Ontario Innovators: A quantum leap in computer technology
Q&A: University of Waterloo’s David Cory on a new generation of computers that could help scientists understand the nature of the universe and custom-design new materials
Quantum computers are difficult to understand — probably because they rely on the principles of quantum mechanics, a branch of physics that is excruciatingly confusing to almost anyone who isn’t a physicist.
Prime Minister Justin Trudeau has come about as close as anyone to an explanation of quantum computers that a non-scientist can understand. But it’s arguably less important to understand how quantum computers would work than why so many people across the world are trying to build them.
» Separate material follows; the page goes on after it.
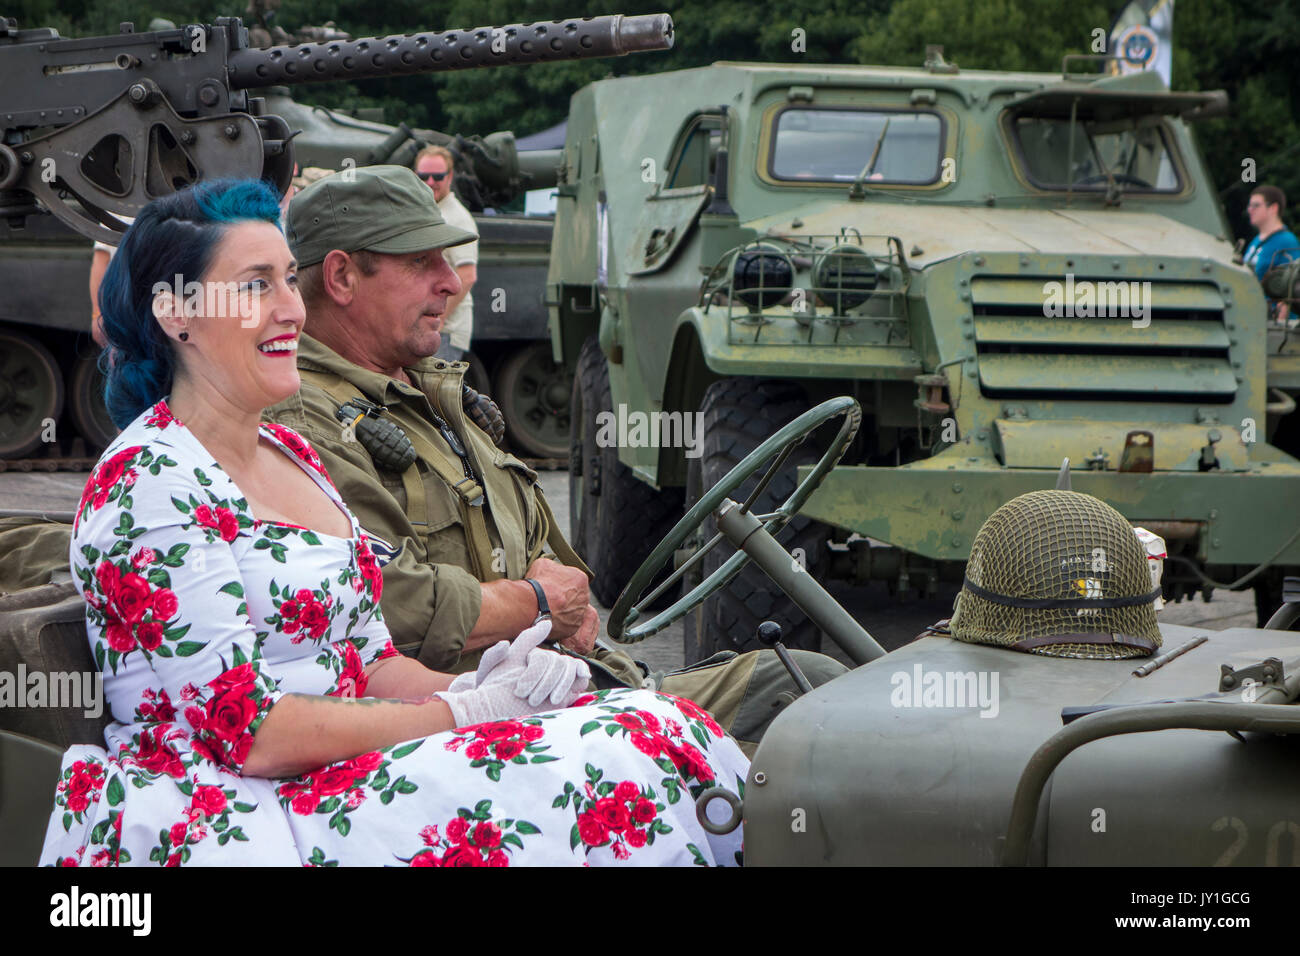 Reenactors dressed as WW2 US soldier and woman in 1940s dress posing in WWII military Willys MB jeep during World War Two militaria fair Stock Photo

University of Waterloo recently received $76 million from the federal government to research the application of quantum principles to advance computing, communications and sensor technology. According to David Cory, head of the university’s Transformative Quantum Technologies program, quantum computers could be, well, transformative.
What are some things that a quantum computer would be able to do that a regular computer can’t?
Let me preface this by saying there are many things that a quantum computer doesn’t improve [compared to a classical computer]. But the fun thing is of course to talk about what it does improve. If I want to search an unordered list, for instance, I can do that more efficiently with a quantum computer.
The old example would be to say if I had a phone number and I wanted to find [the corresponding] name I would have had to leaf through a phone book. A quantum computer could do that [much faster] than a classical computer would do it. The quantum computer can take logarithms exponentially faster, which is how we break the [computer security] encryption schemes that we use today.
For a quantum computer, today’s most exciting thing is that it allows us to simulate, understand and design better materials. We’re trying to find materials that are better at energy harvesting. We’re trying to find materials that are better at energy transmission. We’re trying to find materials that allow us to compute based upon the magnetic state of electrons rather than their charge. If we could do that, it would increase the efficiency of your laptop by nearly a factor of 1,000.
So quantum computers could help us design more efficient products that reduce our energy footprint?
That’s right. New materials have great impact. Today’s new materials are often discovered by accident. And it would be lovely to turn the corner and have new materials by design. And quantum mechanics gives the promise of that.
Another avenue of research is quantum communication. How would that be different from conventional communication?
What quantum communication does is it gives you the ability to hide a secret. So imagine that you wanted to buy some information from some website. Using quantum communication you would be able to purchase content. The person that owns the content would know that you purchased the content, would know that you are happy with the content, would know that you had paid for the content — but would have no idea and no way of ever knowing what content you actually bought. It gives back an ability to individuals to control their information.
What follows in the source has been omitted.